Segundo o relato registrado na ocorrência, após atingir Luciano, o motorista continuou até o imóvel, localizado na Rua Dom Giovani, a poucos metros do ponto do acidente. Ele afirmou ter entregue as chaves e retornado em seguida. 

Testemunhas relataram que, quando voltou e percebeu a movimentação provocada pelo atropelamento, o homem teria perguntado o que havia acontecido e ficado em estado de choque. 

Condutor recusou bafômetro

Durante o atendimento da ocorrência, os policiais verificaram que o motorista possuía habilitação e que o Chevrolet Prisma estava com o licenciamento regular.

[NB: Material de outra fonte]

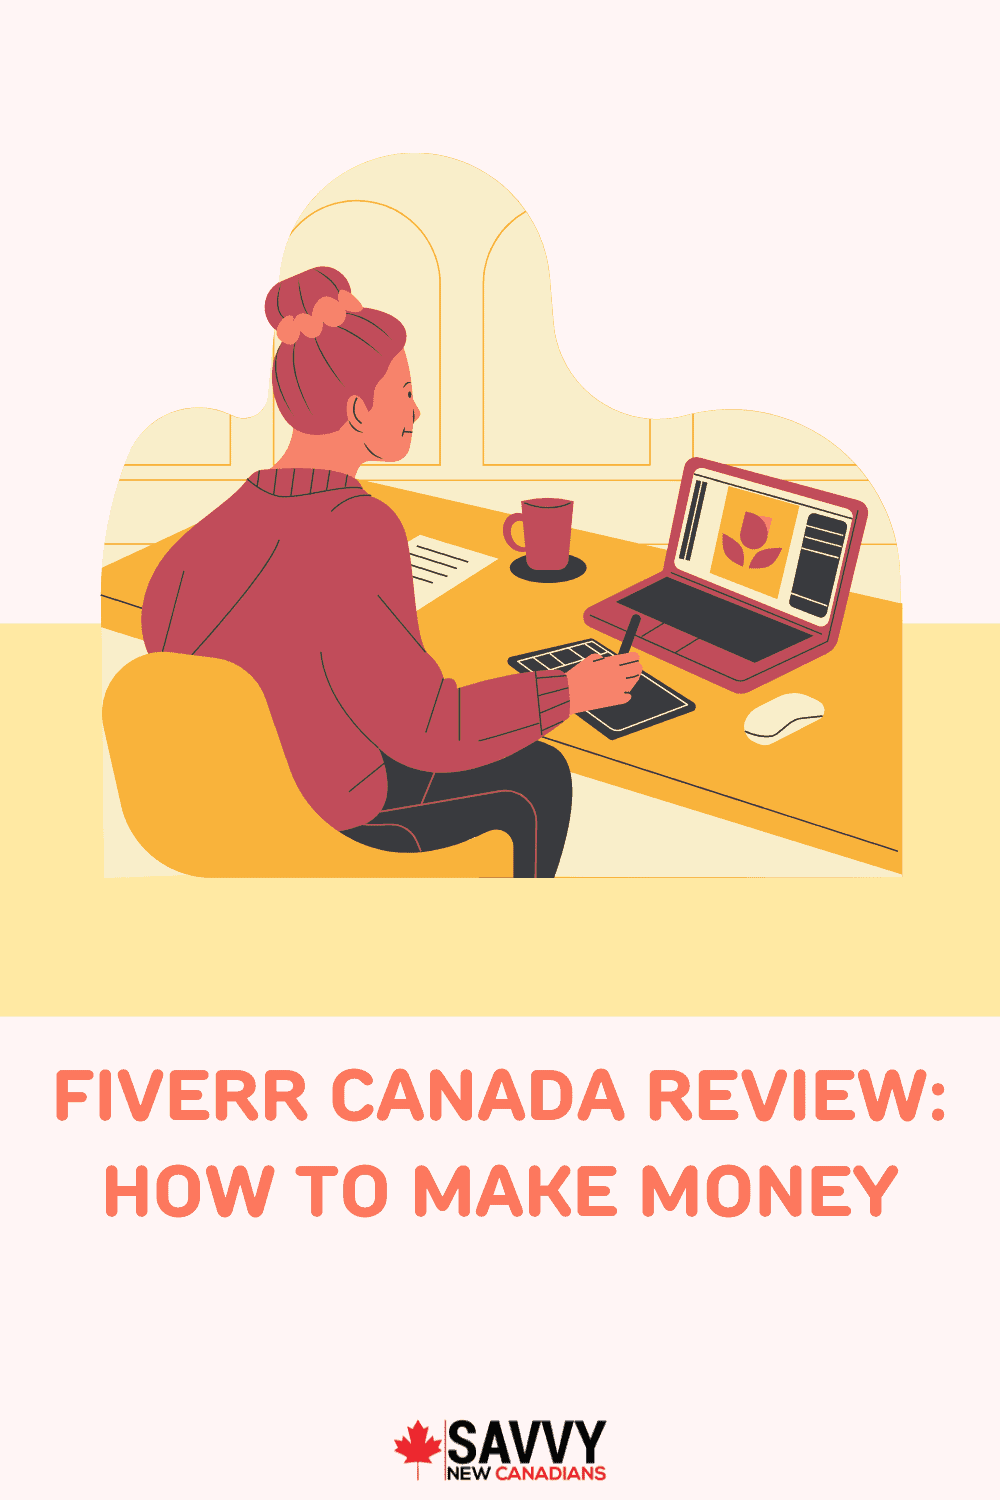 Fiverr Canada: How To Make Money on Fiverr in 2022

O condutor foi convidado a realizar o teste do etilômetro, mas se recusou a soprar o bafômetro. Diante da negativa, foram adotadas as medidas administrativas previstas para esse tipo de situação. 

Aos policiais, o homem declarou ter consumido uma pequena quantidade de bebida alcoólica antes do acidente. Conforme o registro policial, havia odor etílico, mas os agentes não identificaram sinais suficientes de alteração da capacidade psicomotora. 

Após os procedimentos realizados no local, o motorista foi encaminhado à Delegacia de Pronto Atendimento Comunitário do Centro Integrado de Polícia Especializada.

A ocorrência foi registrada como homicídio culposo na direção de veículo automotor sob influência de álcool. O caso deverá ser investigado para esclarecer as circunstâncias do atropelamento e a responsabilidade do condutor. 

Moradores reclamam de velocidade na rua

O acidente voltou a chamar a atenção para as condições de segurança viária da região. Moradores relataram que o trecho onde Luciano morreu já seria conhecido pela ocorrência de acidentes.

Segundo eles, além de estreita, a via é utilizada por motoristas que trafegariam acima da velocidade permitida. Os moradores também reclamam da ausência de quebra-molas ou outros dispositivos destinados à redução de velocidade naquele ponto. 

A suspeita levantada por moradores é de que o Prisma estivesse em alta velocidade no momento do atropelamento. Essa circunstância, porém, ainda não foi confirmada pelas autoridades e deverá depender da investigação e da análise dos elementos colhidos no local.